LeetCode 137: Single Number 2

public class SingleNumberII137 {
    /*
    problem: Given an array of integers, every element appears three
    times except for one, which appears exactly once. Find that single one.

    Solution: The usual bit manipulation code is bit hard to get and replicate.
    I like to think about the number in 32 bits and just count how many 1s are there
    in each bit, and sum %= 3 will clear it once it reaches 3. After running for all
     the numbers for each bit, if we have a 1, then that 1 belongs to the single number,
     we can simply move it back to its spot by doing ans |= sum << i;

   This has complexity of O(32n), which is essentially O(n) and very easy to think and
   implement. Plus, you get a general solution for any times of occurrence.

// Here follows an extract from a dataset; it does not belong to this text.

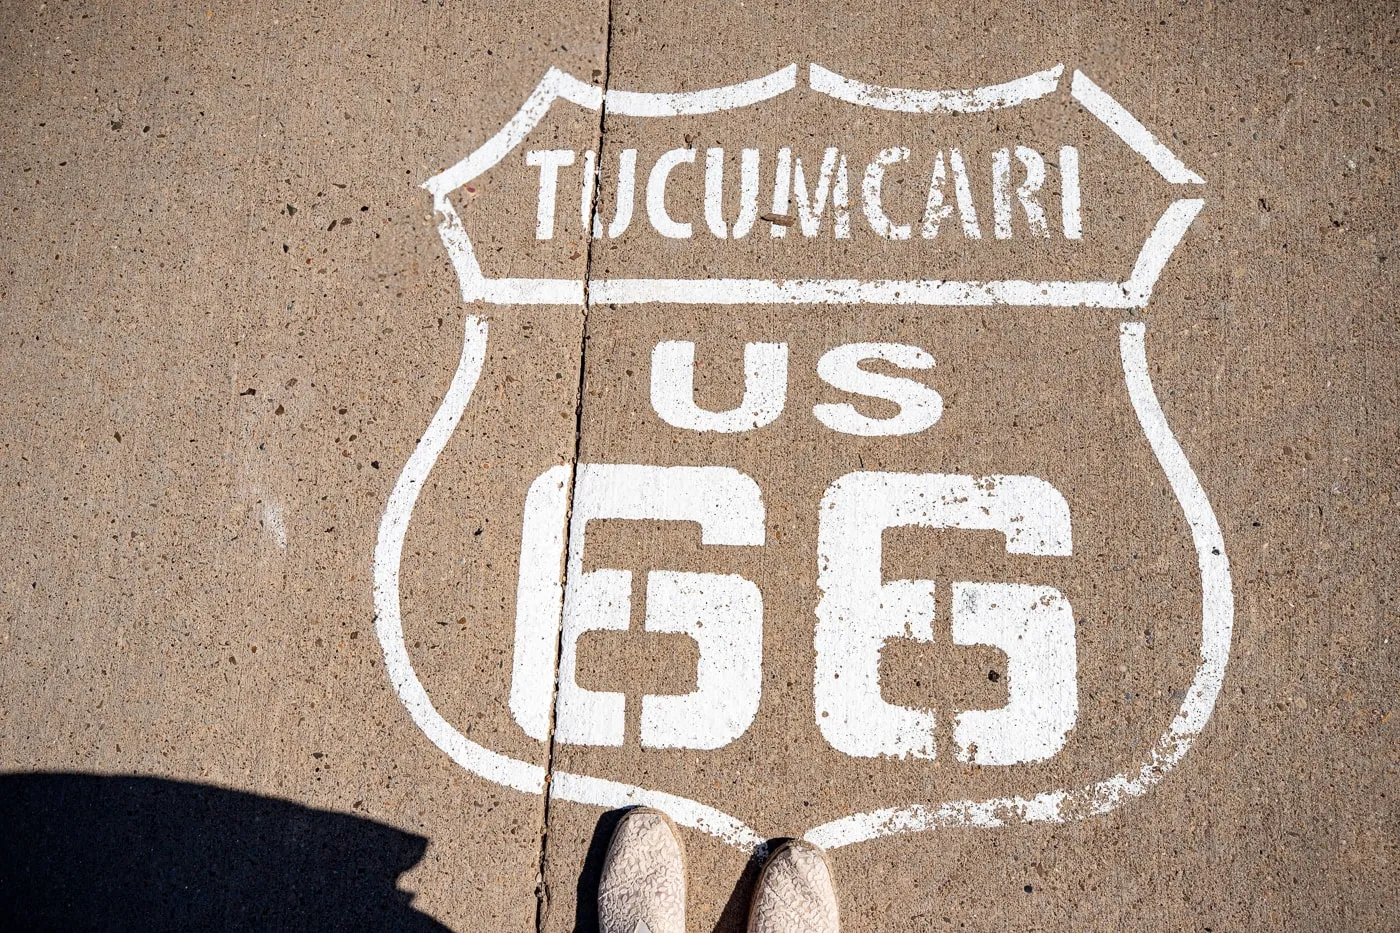 Tucumcari Route 66 shield on sidewalk at Motel Safari in Tucumcari, New Mexico (Route 66 Motel)

Say all the
   numbers have 5 times, just do sum %= 5.
     */
    public int singleNumber(int[] nums) {
        int ans = 0;
        for(int i = 0; i < 32; i++) {
            int sum = 0;
            for(int j = 0; j < nums.length; j++) {
                if(((nums[j] >> i) & 1) == 1) {
                    sum++;
                    sum %= 3;
                }
            }
            if(sum != 0) {
                ans |= sum << i;
            }
        }
        return ans;
    }
}